▶ [ACTION ITEM]: Skip the pictures. Output only the lines below starting at the line with "Waterfall Live Wallpaper Download 1920x1080" and ending at the line with "acbf67f13 Street Racing", both ends included, exactly as they are.

▶ [EXERCISE INPUT]:
+---+

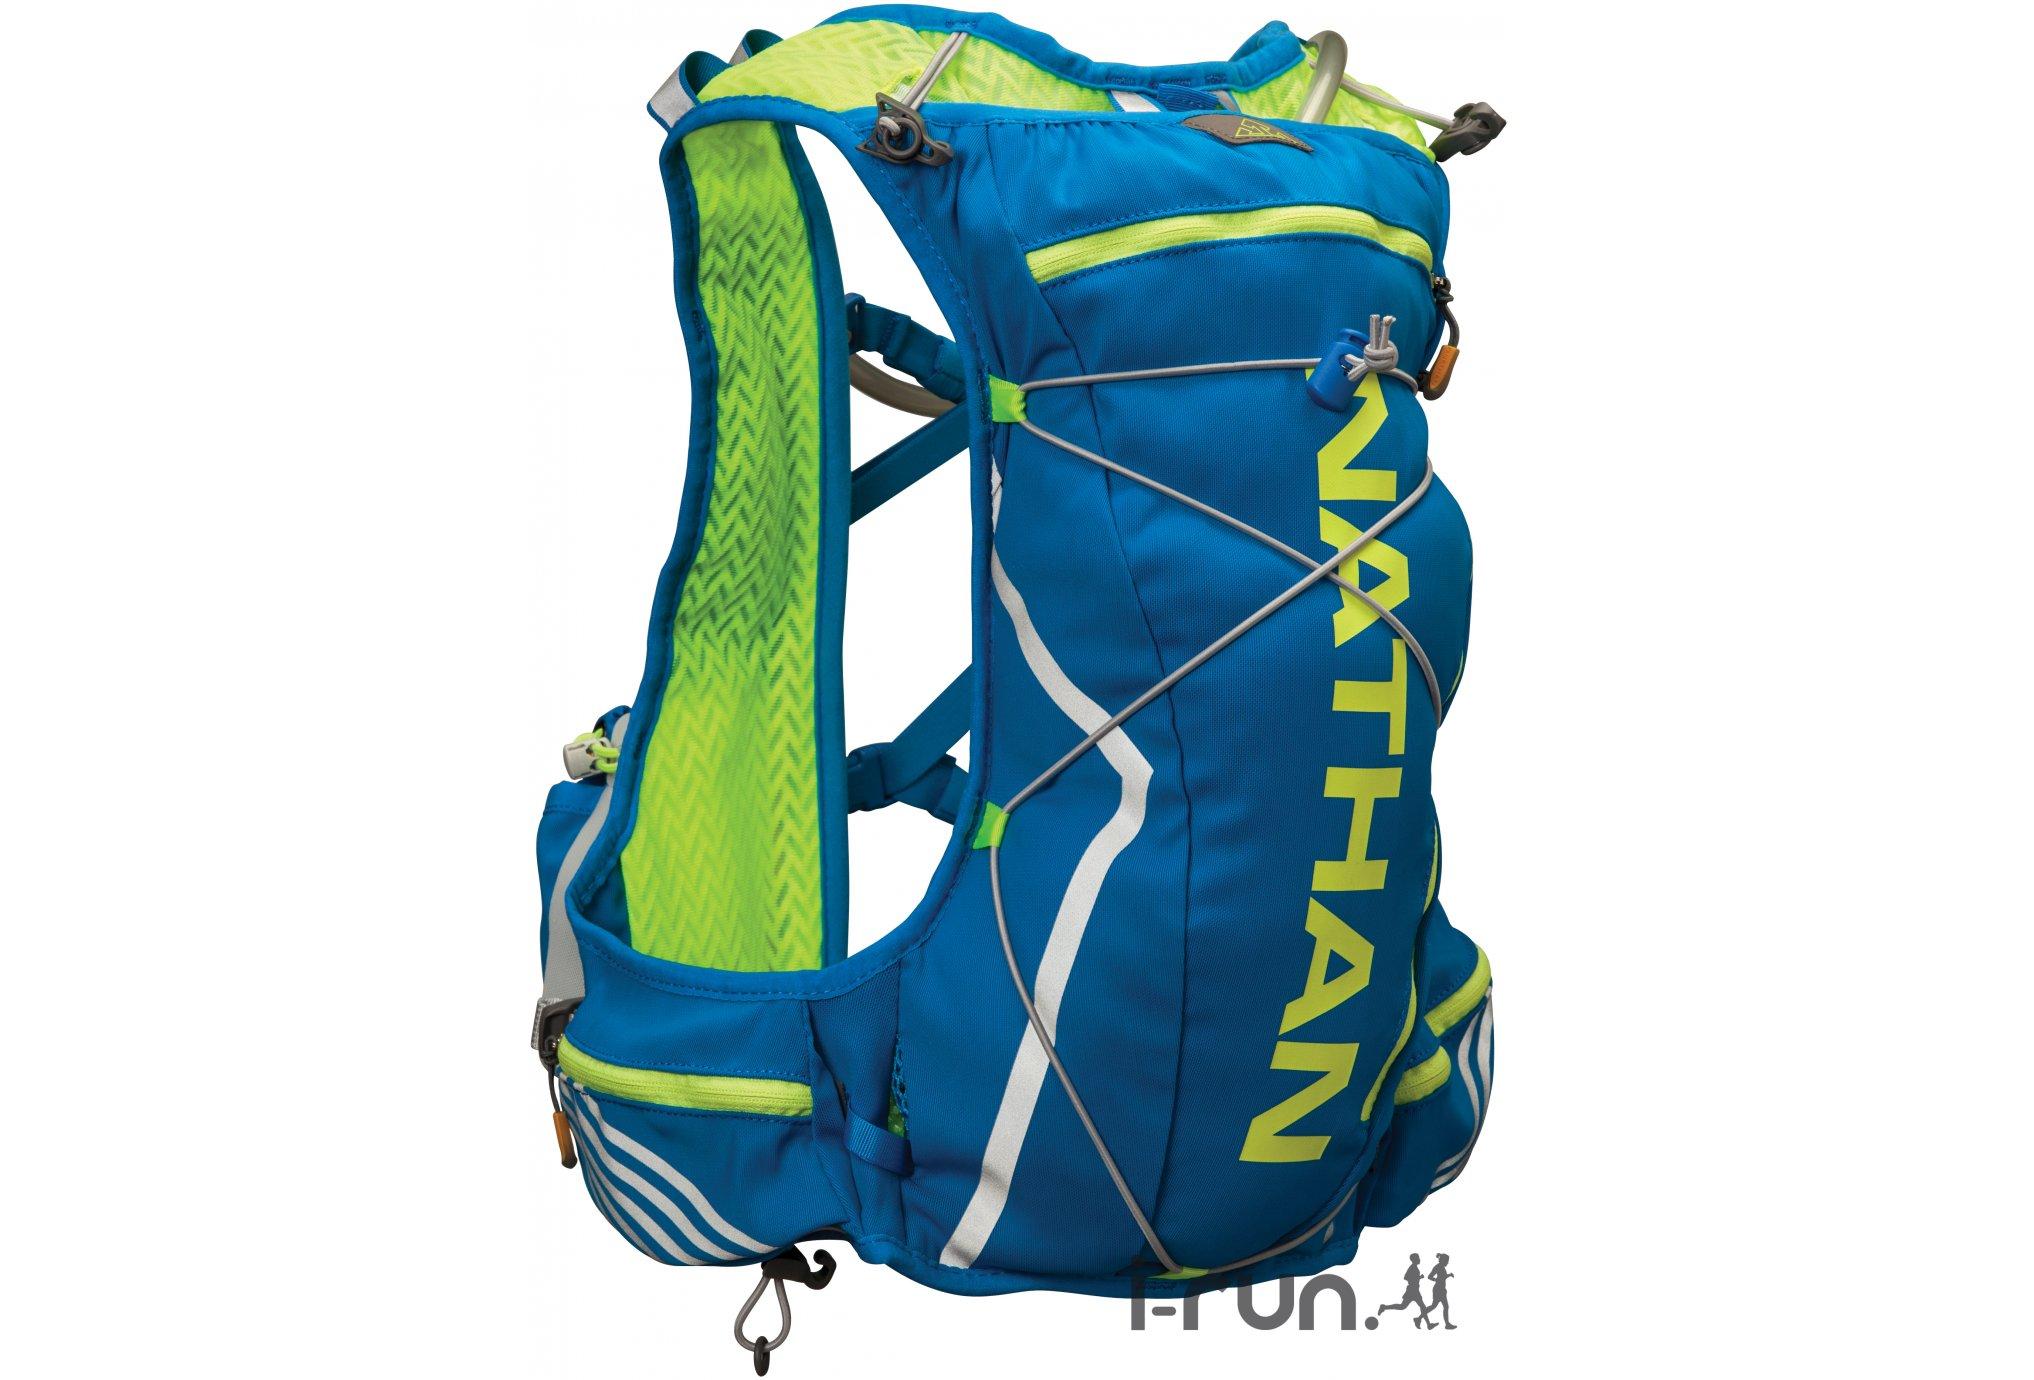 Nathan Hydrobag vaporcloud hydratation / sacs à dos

+---+

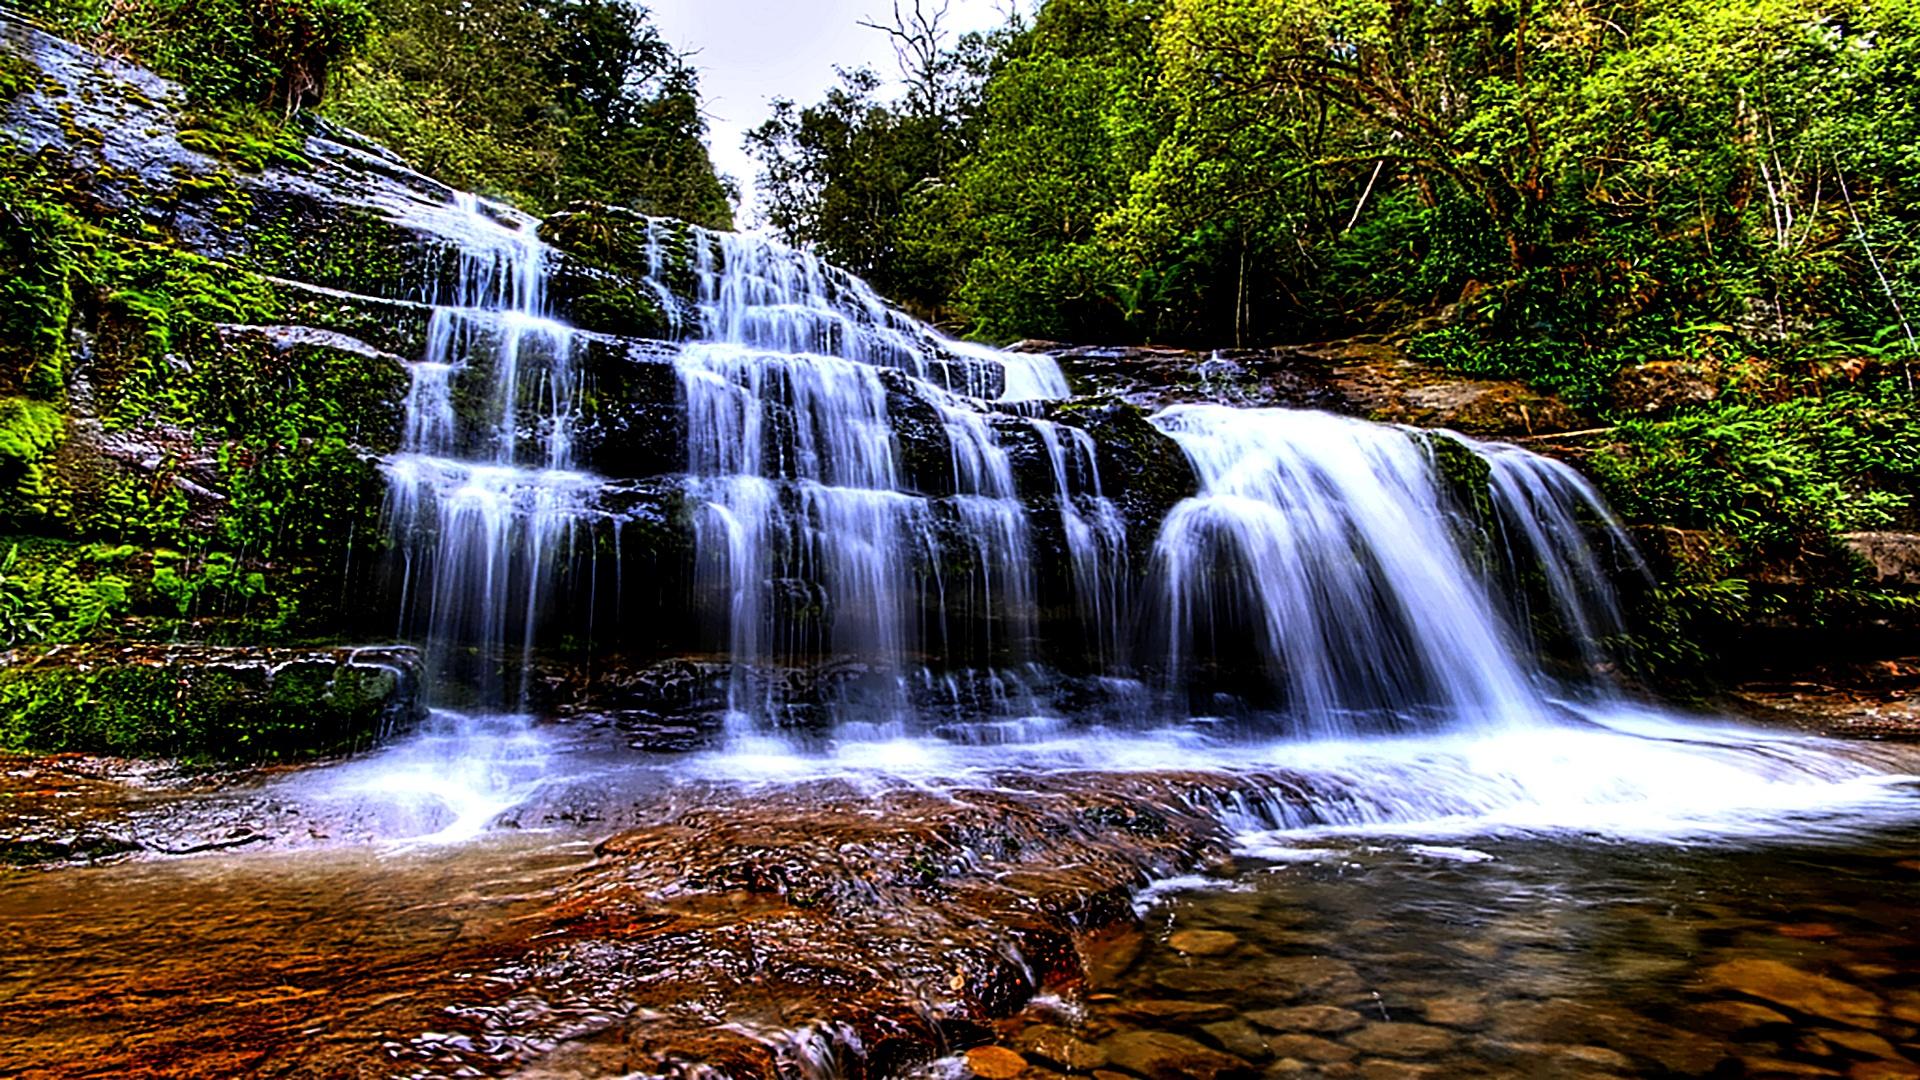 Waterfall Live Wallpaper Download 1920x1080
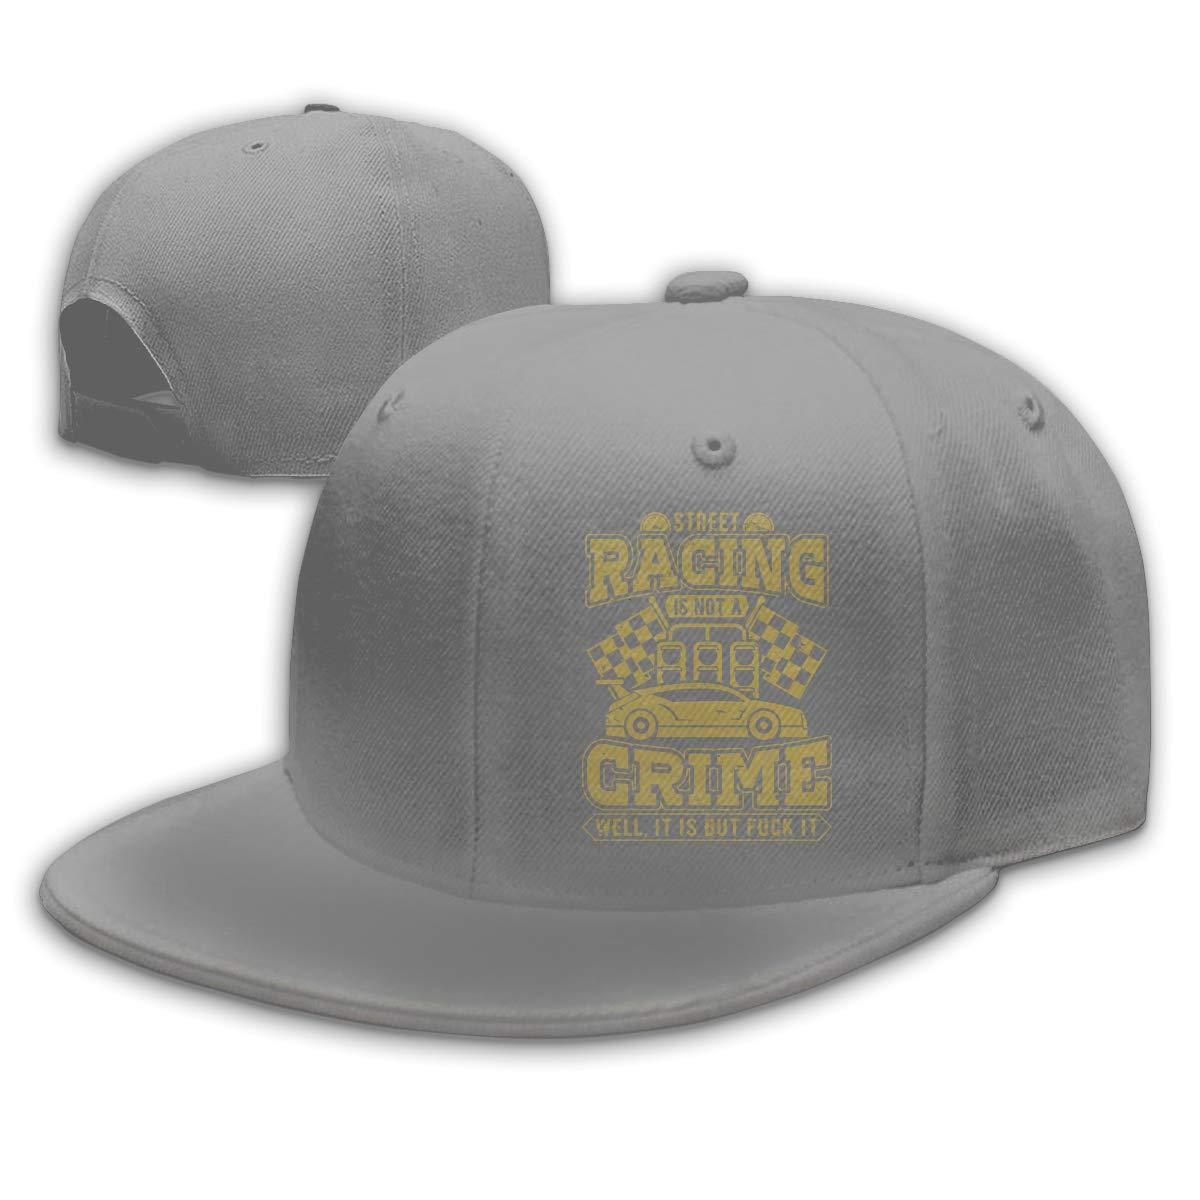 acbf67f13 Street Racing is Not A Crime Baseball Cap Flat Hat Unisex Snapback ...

+---+

▶ [OUTPUT FOR THIS TASK]:
 Waterfall Live Wallpaper Download 1920x1080
 acbf67f13 Street Racing is Not A Crime Baseball Cap Flat Hat Unisex Snapback ...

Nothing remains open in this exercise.